Well right there it was, too, wasn't it.

He emptied his glass and rose. At the door of the bedroom he stopped, a sinister silhouette (he perceived) against the lighted kitchen behind him, for she had not dared switch on the lamp beside the bed. She had done as he had told her, and lay darkly alit on the russet bedclothes, still in her girlish knee-socks, her head lifted slightly to watch him enter; alert, expectant, a patient awaiting a novel treatment.

He went in to her, unbuckling his belt, not knowing any more than she did herself what they had embarked on.
Embarked
: the word had always had for Pierce a shadow of danger and unknowing in it, a picture in his heart of himself in his fragile boat (a
bark
) setting out in a stiff wind onto a sea of blue-black whitecaps.

She called out his name repeatedly as he worked, her cheek pressed down into the pillow by his hand, her arms and legs bound in imitation silk and unclosable. Pierce, she cried, Pierce, Pierce: and it might have been an imperative as much as a supplication. Certainly it was not a cry directed at him; it could not be, for she didn't know him. By his lies and by his histrionics, by taking the part he took with her and playing it, and not here in bed alone either, he would make certain that she couldn't know him; therefore she couldn't love him, and so could not cease loving him; and so he would be safe, having risked nothing of himself.

That was his sin, that he would try to hide himself behind his sudden and unexpected expertise at this mode, as behind a Mephisto mask or vampire makeup. He would give as good as he got, but he was determined not to be reached. It was a sin he had never tried to commit before: and he would fail at it too, in the end, as he could have guessed even on that night that he would fail.

For of course the dark bond you had to pretend to in order to play the game was going to become a real bond over time without his noticing it or assenting to it. Of course it was. There was no other way for this story to unfold but that way, at least if it was enacted by men and women of Pierce Moffett's time and not by, say, bears or angels. What I tell you three times is true.
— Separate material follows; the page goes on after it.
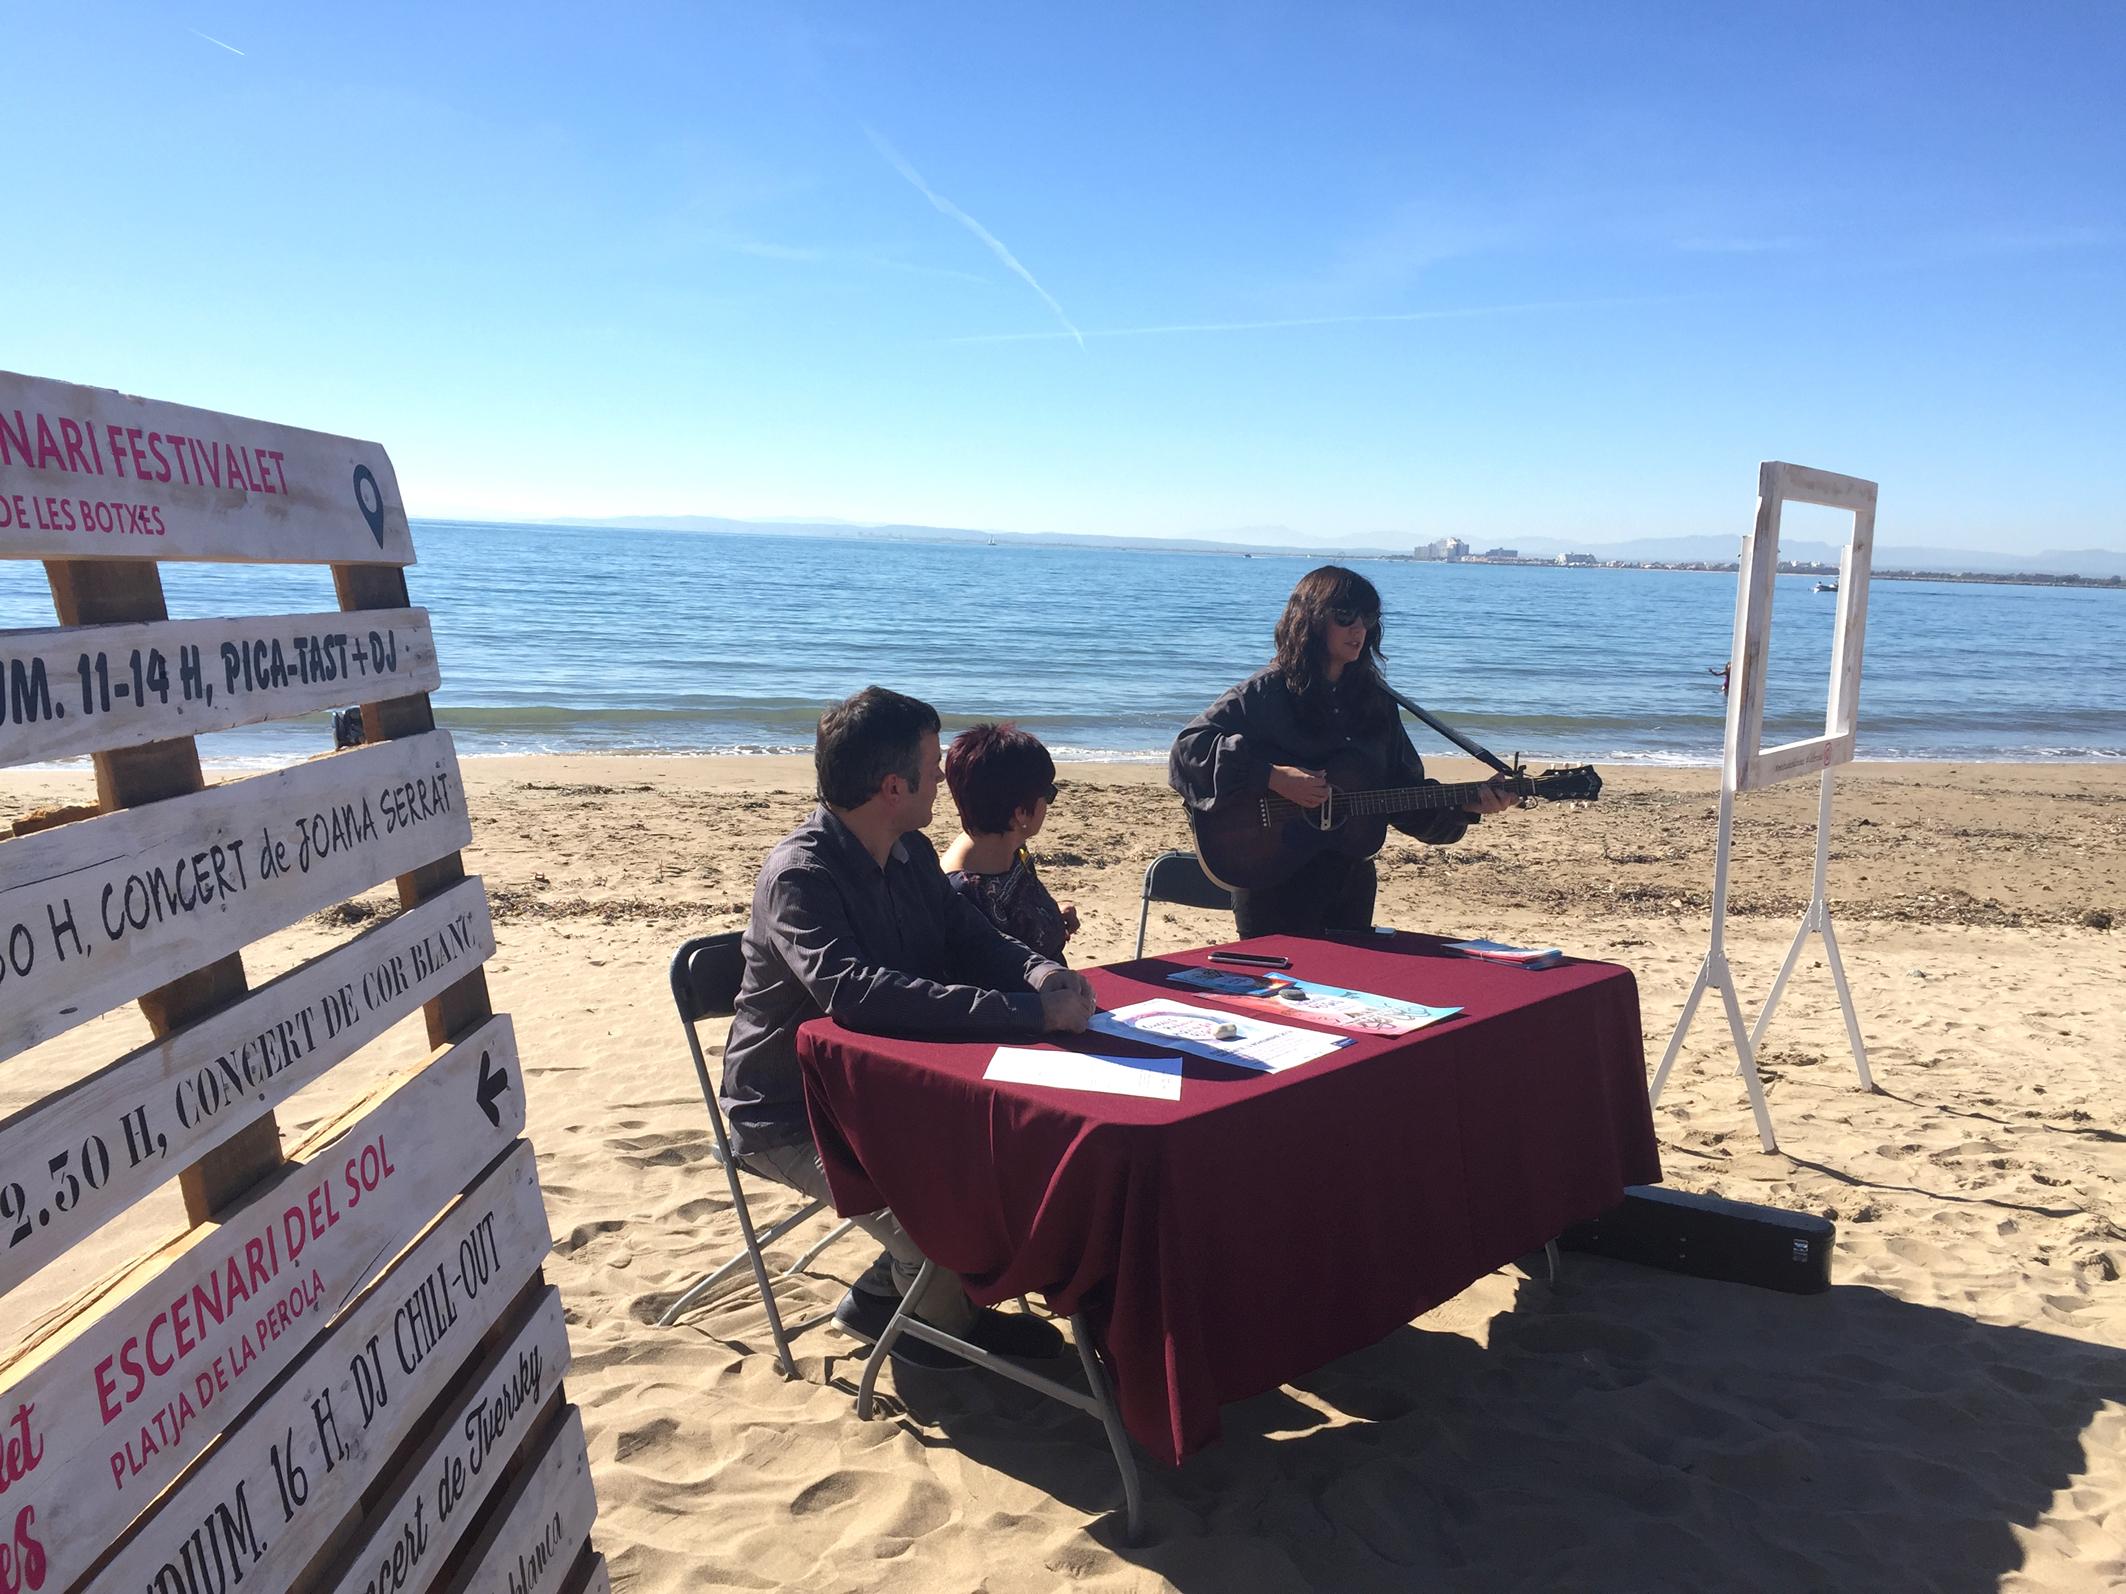 Joana Serrat, Floridablanca, Tversky, Beth i Cor Blanc actuaran a la platja de Roses durant el Festivalet el 10 i 11 de novembre

There was no excuse for not knowing it, and he did know it, he did: that there would come a time when he would try to remove the mask, wipe off the whiteface, and she would not believe the face beneath, or hear his confession, that he had never done any of those things with anyone else ever.

The blackhaired nymph Nimue apprenticed herself to Merlin, and when she had learned his secrets she turned them on him, maybe by mistake, not really knowing what she did; and shut him fast in an oak tree, from which he could not escape. Or—in one telling of the tale—in a cage of glass, where he could not even tell that he was caught. And he remains there to this day.